I didn’t just want to run a marathon; I wanted to do a sub-four hour marathon. So, I made a playlist that didn’t go a second past 4 minutes. I find running without music torturous so I knew this would be a key motivator to ensure I got past the start line with a few (literally two in this case) seconds to spare. For my most recent marathon in New York, my brother Joseph gifted me the Spotify playlist he created for my wedding as a surprise. 

 

2 – Run for Someone Else

Running a marathon is a great way to support a charity, raise awareness for a cause or even prove someone wrong. A few hours before the marathon started I woke my husband up and asked him to bet me that I couldn’t do it in under four hours. He did, and when the last song on my playlist came on (I Kissed A Girl by Katy Perry) and I knew I was going to lose the bet if I didn’t sprint my heart out, the thought of losing that bet got me over the finish line 53 seconds short of four hours.

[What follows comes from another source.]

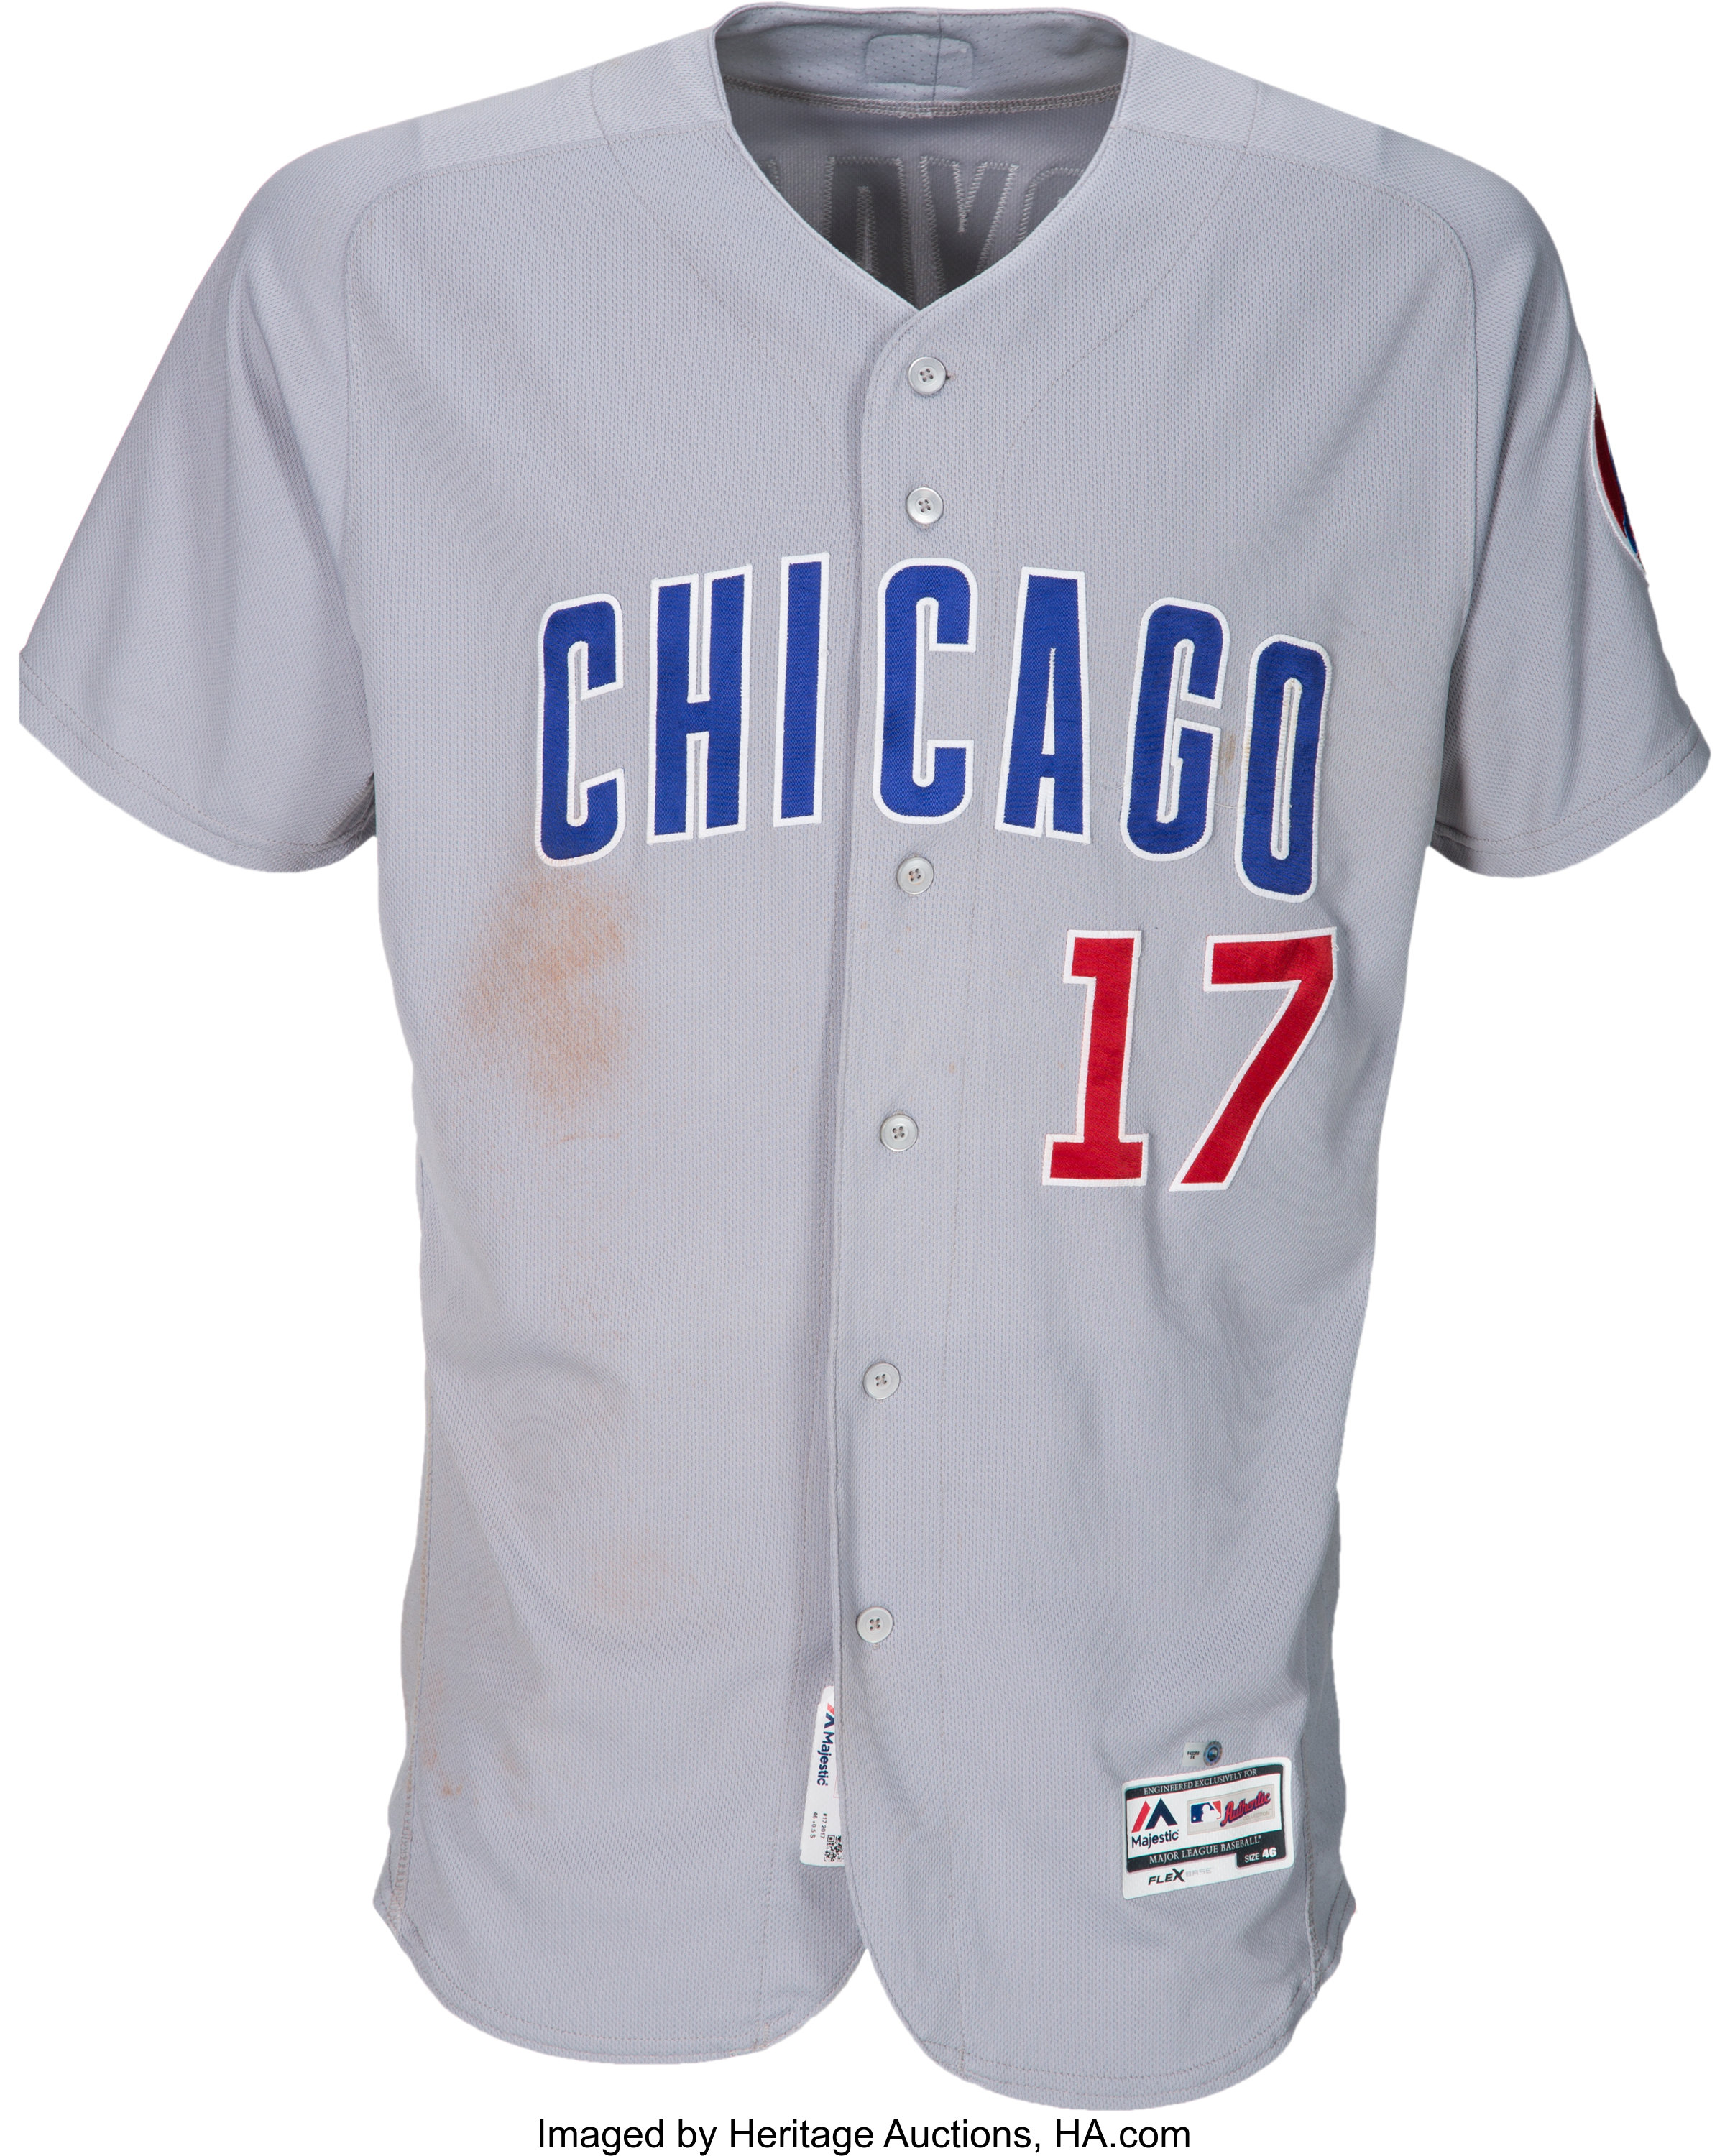 Cubs rookie Kris Bryant second in overall baseball jersey sales
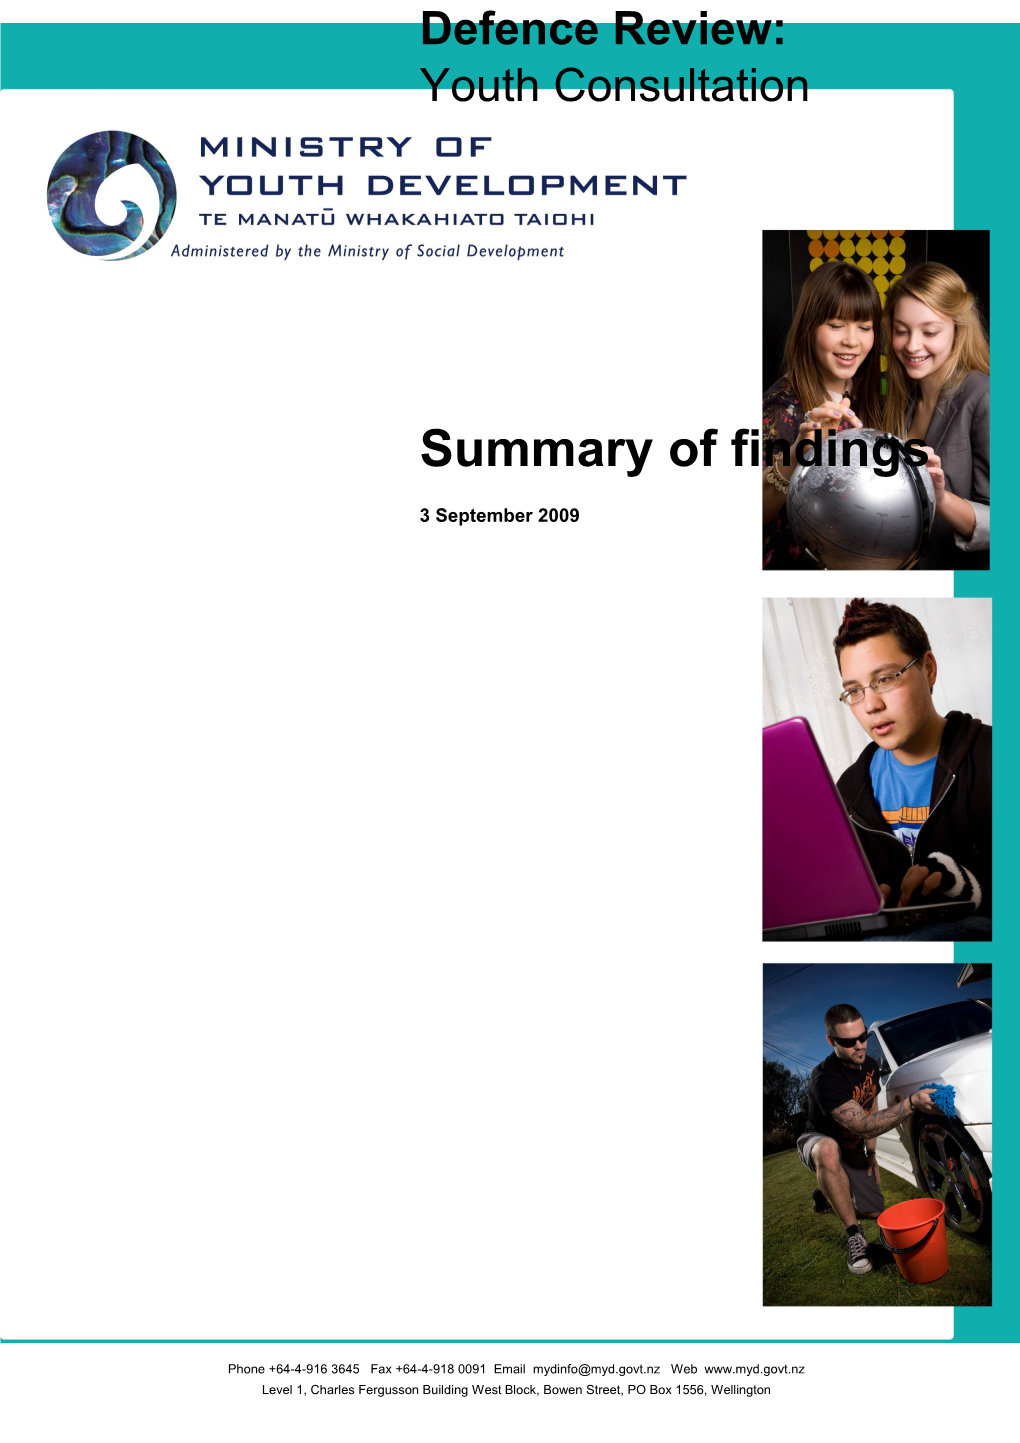 This Report Contributes to the Defence Review 2009, by Presenting the Views of Young People

During my Dublin marathon, I ended up right behind someone wearing a T-shirt that said ‘I’m doing this for Maeve’ which happens to be my mum’s name, I pushed my pace up and stuck with them for 10km. I promise that running for a cause or dedicating your efforts to someone else will help you finish the race and keep your mind off your aching knees at the 30km mark. I like to dedicate each mile or every two miles to different people; it’s a nice way to break up the race. Save the last mile for someone special!

 

3 – Come up with a Mental Game Plan

I firmly believe that most challenging fitness activities are far more mental than physical. You have two voices inside your head, one says that you can do anything you want, the other one is the doubtful, procrastinating, worrisome one. You need to override ‘Doubting Thomas’ by shutting him out using positive messages, mantras and slogans. When I get tired during a race or workout, I say the word ‘energy’ out loud or in m head to flip the situation on its head. When I think I can no longer run a foot further, I lift my chin high, raise my chest and focus on a landmark on the path ahead. A friend who is an Iron Man writes positive mantras on his arms, I did this in Tokyo, and it helped when times got tough, and I wanted to quit.

 

4 – Coffee, Sugar and Painkillers are your Friends

Before I give this advice, I need to stress that I am not a qualified doctor or nutritionist so feel free to skip this next tidbit.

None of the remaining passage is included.